All forms of osteoarthritis were examined collectively given the limited data on forms other than the knee joint. Only English based articles were deemed acceptable. To avoid any confusion in discussing and comparing studies given the prevailing array of diverse vitamin D terminologies in this body of data, among other factors, this review elected to employ the generic term ‘vitamin D’ to represent any related set of facts. This is not a systematic review, however, and readers can learn more by exploring the current cited reports and specific vitamin D analogues as well as some prior reports [eg., 13-15].
As among the 469 publications listed on PUBMED as of January 30, 2021 we reviewed previously and that referred to vitamin D and osteoarthritis [15], many current listings failed to focus on this topic in a meaningful way and many were excluded because they were proposals, or conference presentation summaries.
Moreover, as of October 20, 2024, the data examined similarly revealed only a small number of relevant recent studies even when extending the number of data bases. These data were examined whether they were stand alone studies or current reviews and while somewhat favorable as regards the relevance of this topic when considered as standalone studies, do not however appear to support a role for vitamin D in osteoarthritis mitigation to any degree that could drive practice when viewed in systematic reviews. Consequently, even if vitamin D deficits do seem to affect large numbers of osteoarthritis relationships or have a strong bearing in the disease cycle in some severe cases of older sufferers, very few researchers feel reversing the osteoarthritis state through vitamin D assessments and optimization may be possible. However, as in the past a firm case cannot be made in any manner to date, hence most researchers call for continued research and efforts to measure and assure vitamin D sufficiency to help protect bone [12] and avoid a severe and rapid destructive form of osteoarthritis progression and disability [14]. As well, even if supplementation appears to have no significant long term osteoarthritis impact [16], several reports continue to show valuable pain relief and other multiple post supplementation benefits.
In addition, a recent report that conducted a meta-analyses of randomized controlled trials on the effects of vitamin D on fracture risk, falls or osteoarthritis, came to the conclusion that 1000 IU daily should be recommend for cases at increased risk of vitamin D deficiency. The group also addressed the identification of patients possibly benefitting from a vitamin D loading dose to achieve early 25-hydroxyvitamin D therapeutic level or from calcifediol administration [17]. In another recent study high rate of vitamin D deficiency were found in association with knee osteoarthritis presence [18]. Due to its anti inflammatory and metabolic bone mediating linkages a role for vitamin D in osteoarthritis care is also suggested to be of value for example, in the context of micro nutrients or neutraceuticals and/or bioactive products and their appropriate usage [19-21].
It is also suggested that vitamin D significantly reduces cartilage cell death and alleviates cartilage extracellular matrix degradation, a hallmark of osteoarthritis pathology.
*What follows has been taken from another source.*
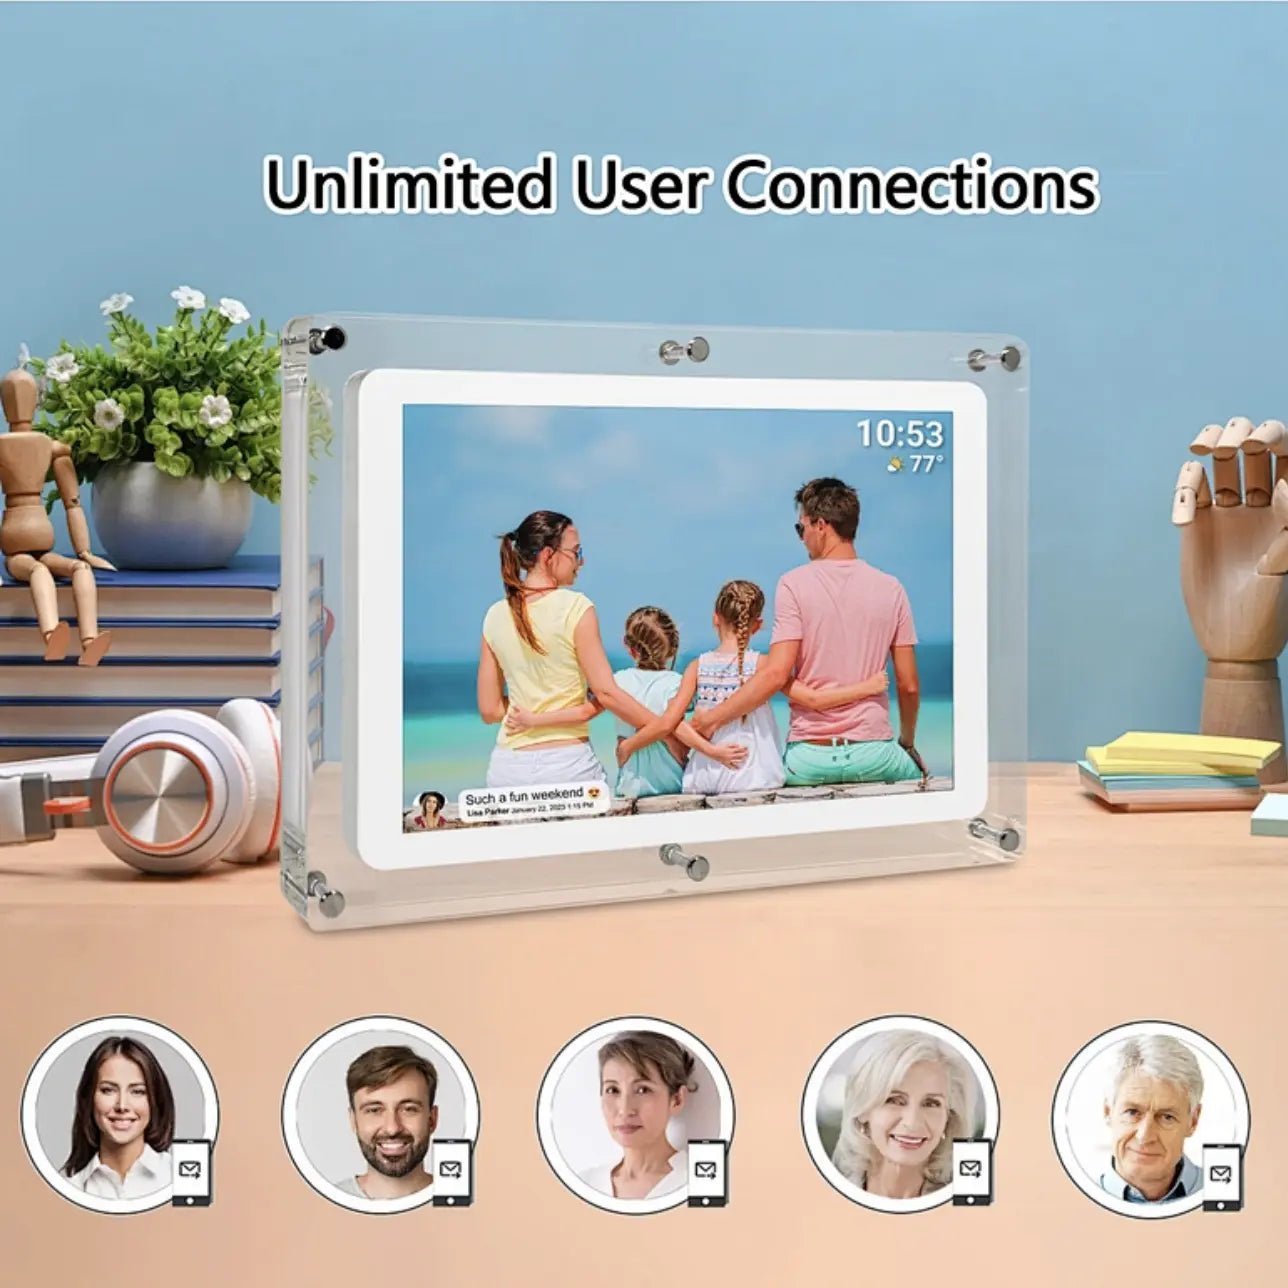 UK Technology Acrylic Digital Photo Frame with a family in a beach setting with 5 icons of people showing connectivity

In addition, the mechanism underlying vitamin D cell death impacts can be verified and appears to foster the maintenance of cartilage homeostasis [22]. Subject to further study, it is further proposed vitamin D injections may prove beneficial in efforts to foster cartilage repair via this process or others [23].
As well, used in tandem with curcumin-a common spice used in the East, both vitamin D and curcumin used together tended to attenuate the expression of proinflammatory cytokines implicated in osteoarthritis and appears to have the potential to mitigate pathology [24].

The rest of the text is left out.